ABSTRACT
This paper provides a review of the current evidence of chaoticity at various scales of the brain–mind as well as the application of nonlinear tools in clinical practice. Based on these data, a hypothesis is formulated that the brain–mind at various scales can operate in linear, nonlinear, or hybrid modes, such as chaotic functioning accompanied by noise. A thesis formulated by Mark Solms that living systems must minimize Shannon’s entropy of physical states (sensory entropy) is considered. Based on the data presented in this paper, minimization of entropy in that sense appears to be describing only a part of the complex brain–mind dynamics. Studies evaluating measures of entropy specifically developed for real living systems such as discrete timescale entropy (ApEn) suggest that a decrease in EEG entropy can be observed in some neuronal processes (e.g. progression from wakefulness to deep sleep); however, EEG entropy is observed to be increasing at other times and in other modes of brain–mind functioning (e.g. progression from deep sleep to REM to wakefulness; and from vegetative state to wakefulness). The clinical implications are discussed. This paper proposes that it would be theoretically and clinically beneficial for future revisions of neuropsychoanalytic models to consider including the chaos theory framework.
Acknowledgments
I am grateful to the reviewers of the paper for their insightful suggestions and to Igor Novak, Nancy McWilliams, Michael Levin, Jeffrey Burgdorf, Loring Ingraham, Peter Smith, and Allison St. John for their valuable comments on the early version of this paper.
Disclosure statement
No potential conflict of interest was reported by the author.
Notes
1 As we will see later, there is an intimate relationship between chaos and non-linear dynamics.

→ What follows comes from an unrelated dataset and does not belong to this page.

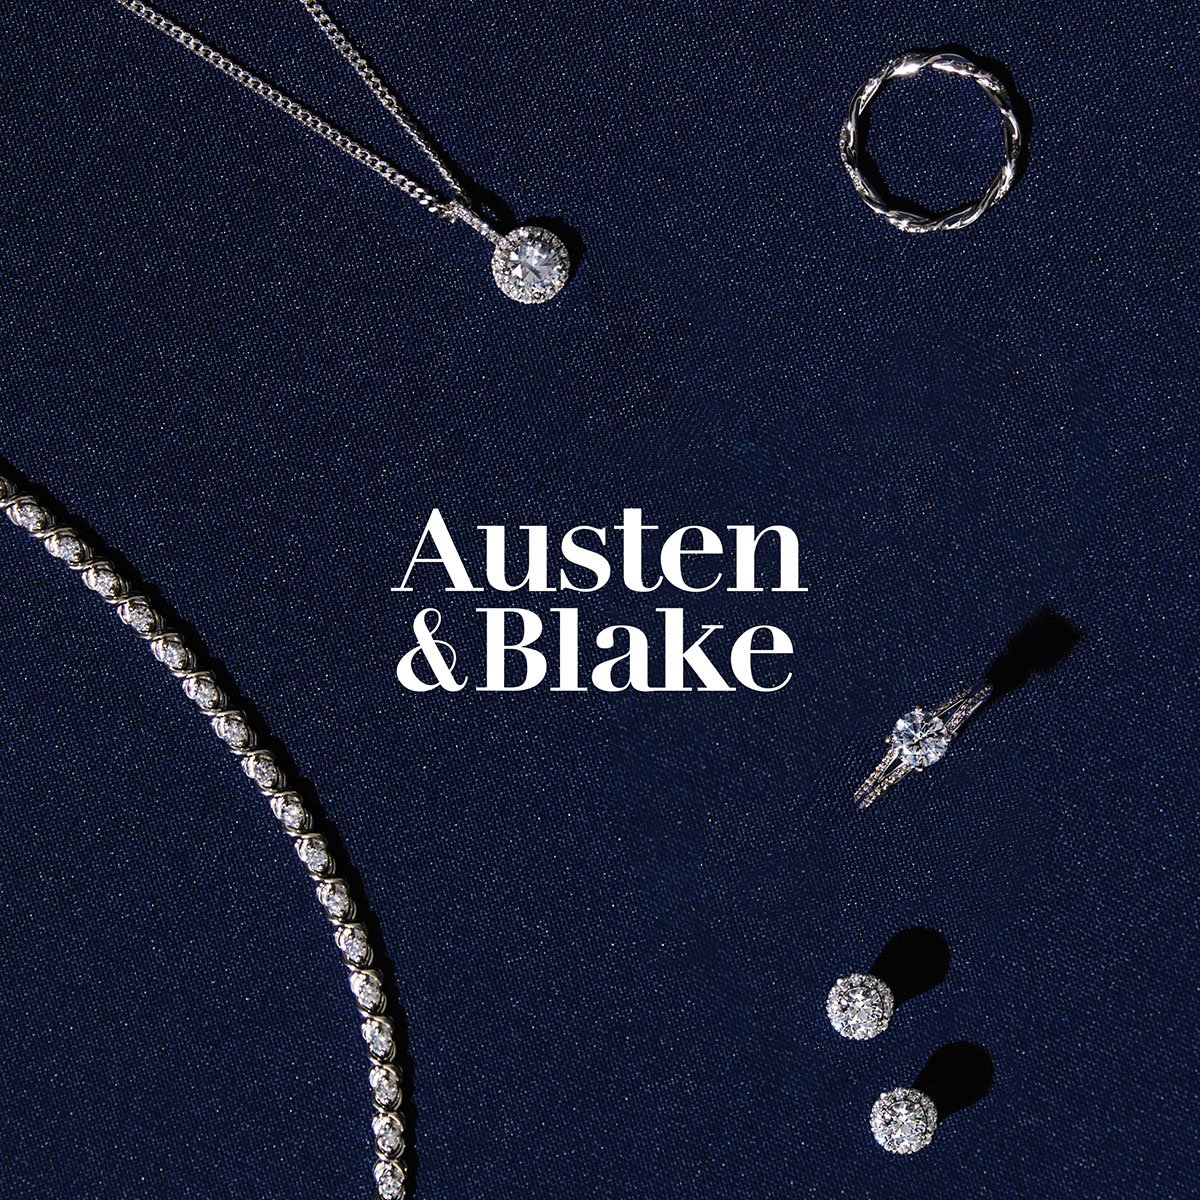 Austen & Blake

2 For illustration, the reader is invited to view Figure 12C in Faure and Korn (Citation2001), where you can see areas of linearity, stochasticity, and chaos, as well hybrid areas, such as chaos+noise.
3 For illustrations, the reader is invited to view Figures 8 and 10 in Faure and Korn (Citation2001).
4 Such as disassembling a watch or a car engine to find a faulty part.
5 Shannon wrote about a continuous version of entropy on page 35 of his paper (part III, Section 20) by replacing a summation with an integral; however, it is not identical in all respects to the discrete version. E.T. Jaynes further elaborated continuous version of entropy as limiting density of discrete points (LDDP) (Jaynes, Citation1957).
6 Two studies related to autism spectrum disorder and major depressive disorder diagnosis were excluded from this review due to issues with their methodology.
7 For further detail, the reader is invited to view Figure 10 in Solms (Citation2021). Please note that the specific entropy that Mark Solms cites in the quoted passage [22 – Gosseries et al. (Citation2011)] is SpEn entropy of EEG.
8 This may be valid if each level of the scale operates in the same functional space (M. Levin, personal communications, 2022). For example, if level two is biochemical and level three is morphological then homeostats at these two levels would likely not from a nested hierarchy to collectively upper bound Shannon’s entropy.
9 Such as the Great Red Spot on Jupiter (Gleick, Citation2008).
10 As one of the reviewers of this paper pointed out, this work has already started in a paper that provides a free energy principle formulation of dynamical systems that include chaos (Friston et al., Citation2021).